Shedd has more than SeaWorld to compete with — nonstop action movies with sophisticated animation that makes anything possible, games, virtual reality, facebook, texting — our attention spans seem shorter and more easily diverted than ever. As long as we don’t love simple pleasures anymore and need constant and greater stimulation, a mere educational animal presentation doesn’t cut it. That’s a shame, because all the video, music, lights, and staging detract from the heart and soul of the show and from what’s important — the animals.
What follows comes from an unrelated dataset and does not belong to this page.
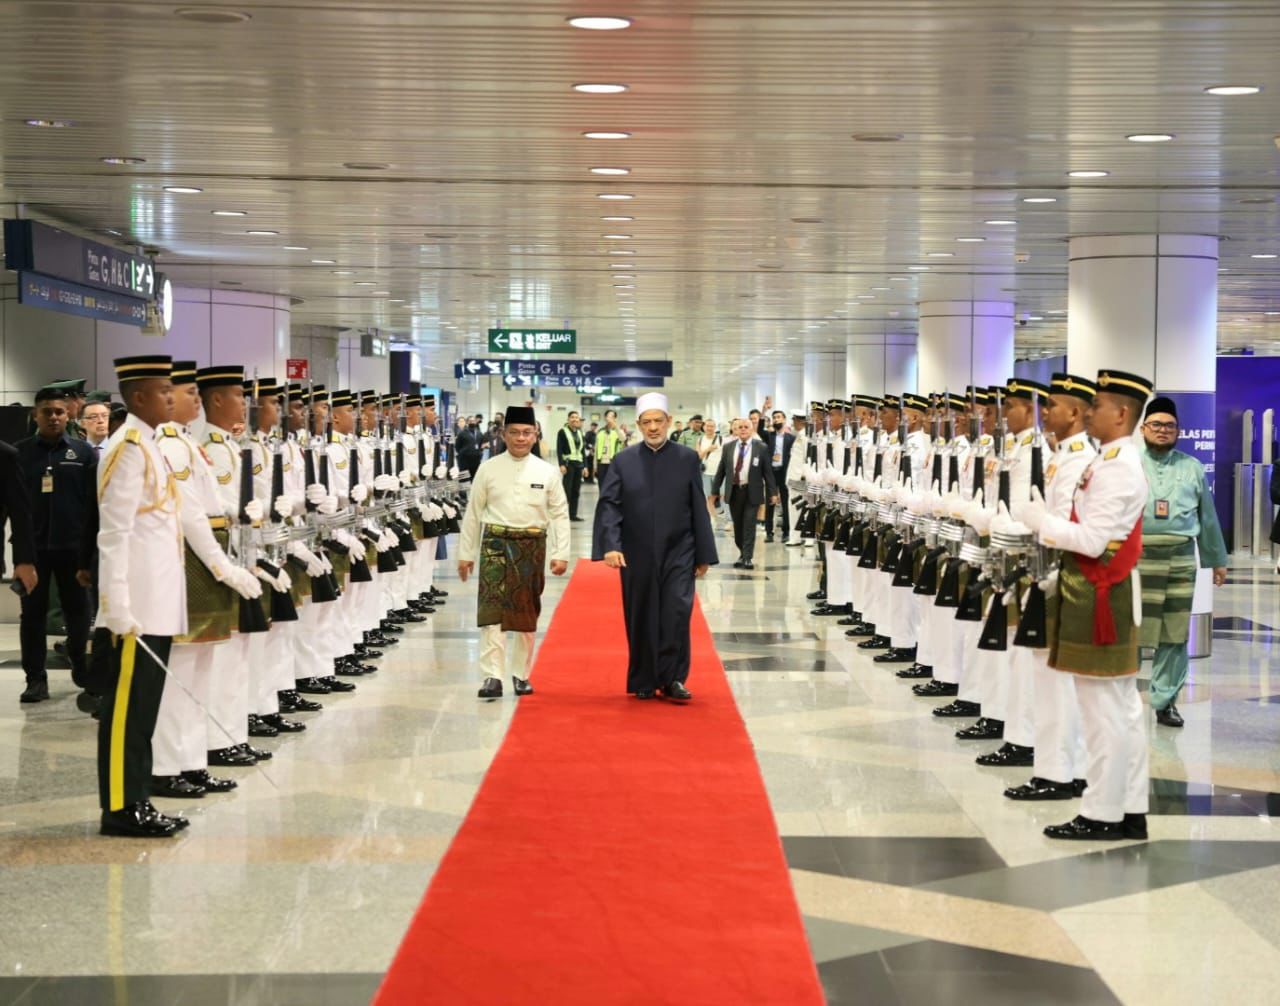 مراسم استقبال رسمية لشيخ الأزهر فور وصوله مطار كوالالمبور

I also wondered about the animals, especially the rockhopper penguin. I’ve read that Antarctic penguin species (compared to their temperate climate counterparts, like the Magellanic penguins) do not fare well in temperatures that are even moderately too warm, becoming prone to disease and death, yet here is an Antarctic species paraded in air that’s at least 10 to 15 degrees warmer than its optimum range. It wasn’t until I’d slept on it, though, that I realized what bothered me more — that the rockhopper was treated like a prop. To me, this sends the wrong message; to form a connection with wild animals, we first must respect what they are, which is neither stage prop nor pet. Rockhoppers aren’t objects to be tucked under the arm and carried about like a clutch purse. The thought of it disturbed me even in my sleep.
For all my hand wringing, however, supplemented by that of my friend, perhaps the best commentary came from a little boy I’d noticed early in the evening because he was wearing a St. Thomas the Apostle School t-shirt. After the show, his mother encouraged him to go talk to the trainers. Ignoring her, he spread his arms wide and ran away up the steps, saying, “I want to fly like a hawk.”
For at least that brief moment, he’d made a connection.